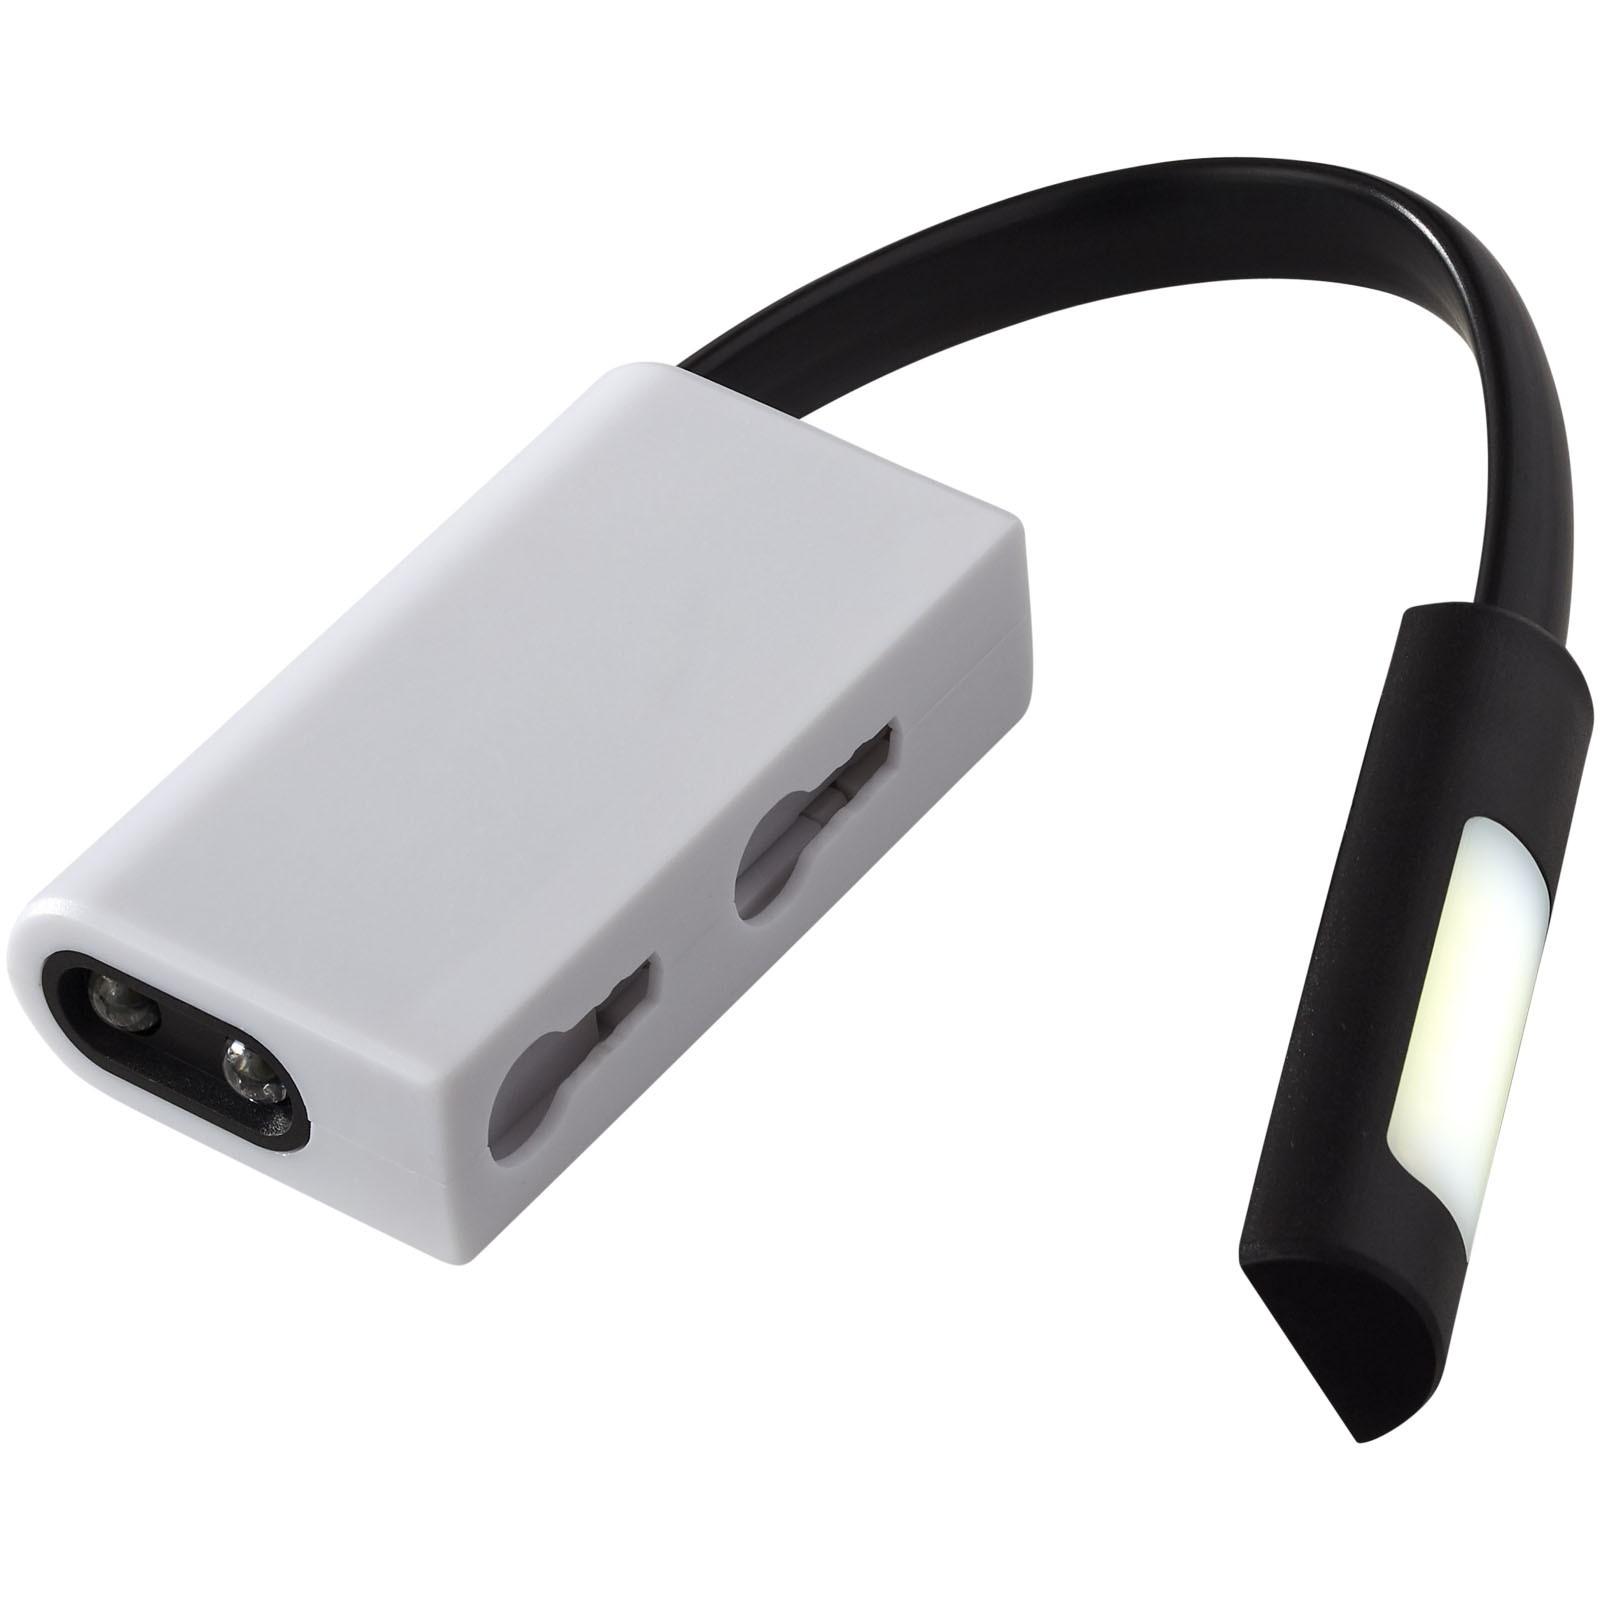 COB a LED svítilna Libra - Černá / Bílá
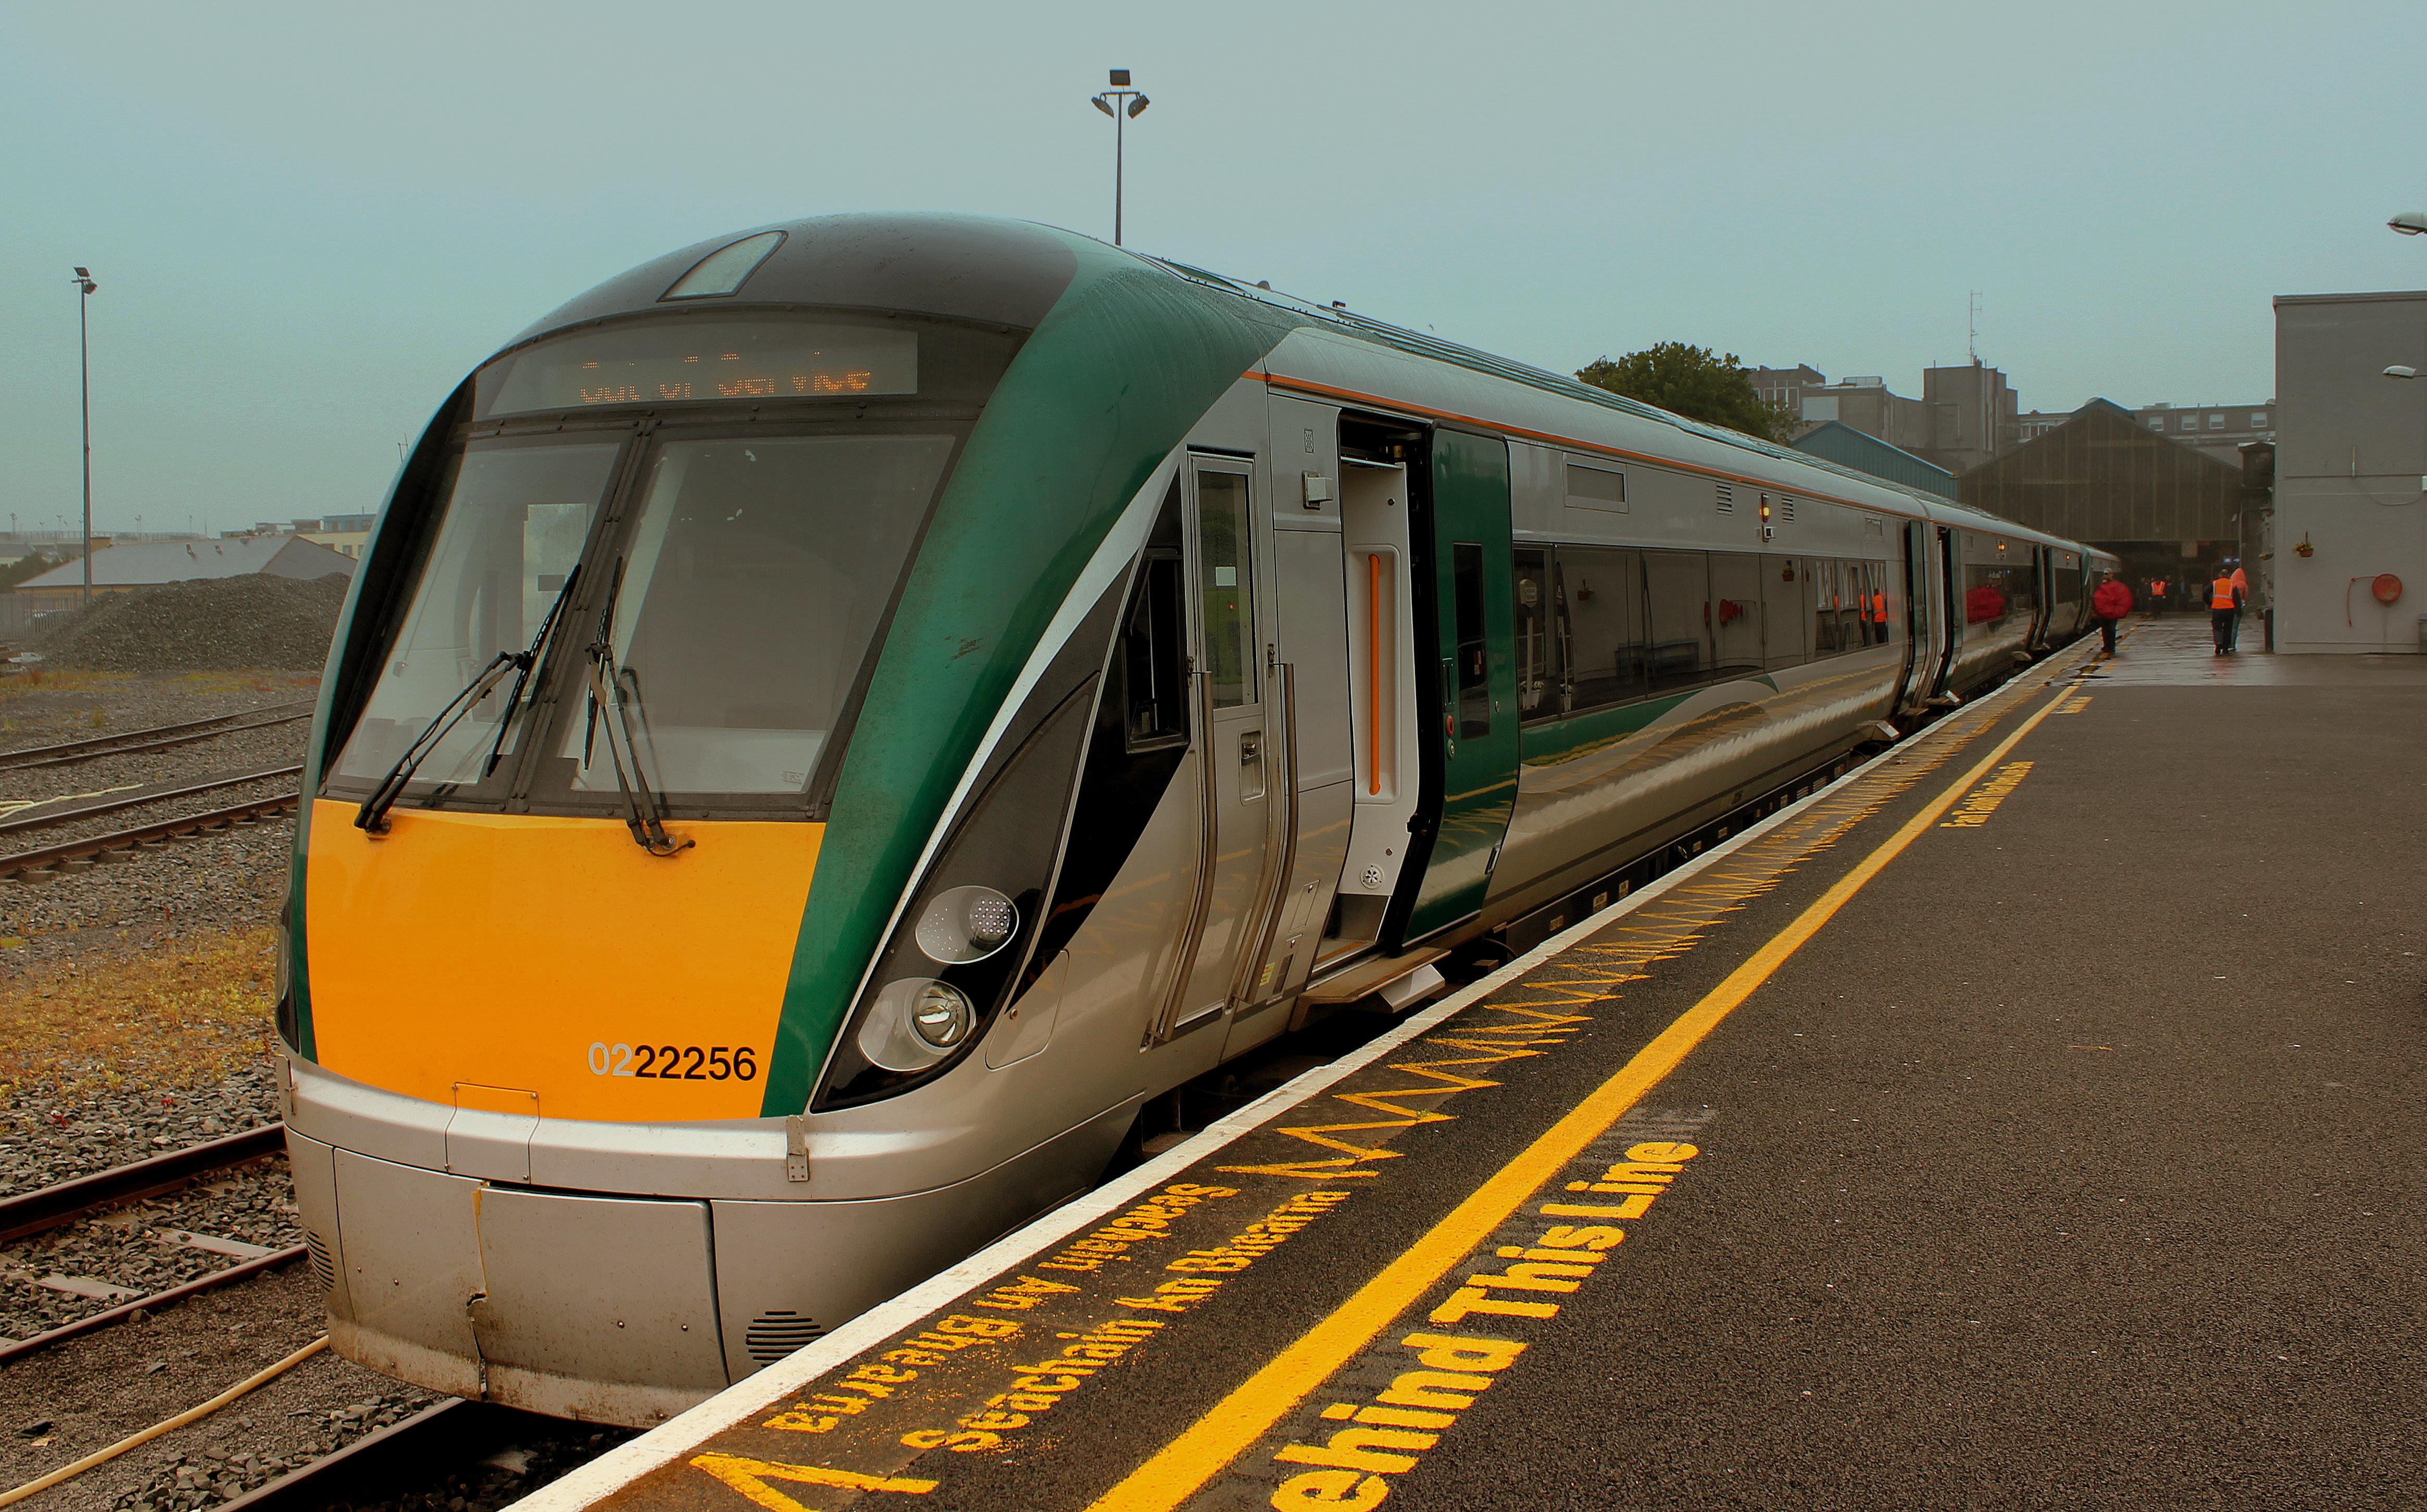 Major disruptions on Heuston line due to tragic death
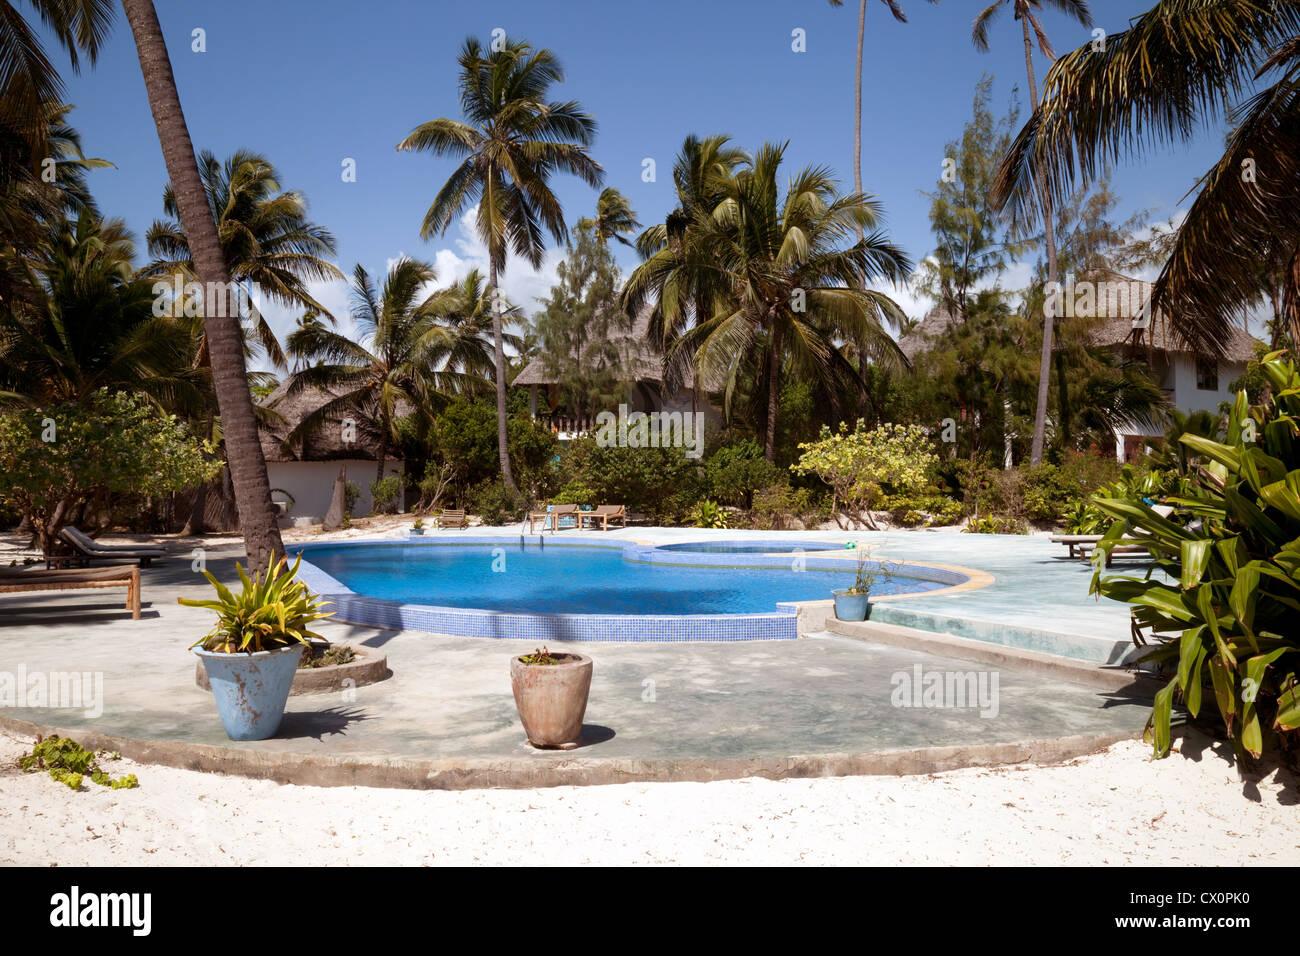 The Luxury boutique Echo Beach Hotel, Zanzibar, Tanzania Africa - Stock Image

## Task item
Without including any picture, output all the material exactly as it appears.

## Answer to this problem
 COB a LED svítilna Libra - Černá / Bílá
 Major disruptions on Heuston line due to tragic death
 The Luxury boutique Echo Beach Hotel, Zanzibar, Tanzania Africa - Stock Image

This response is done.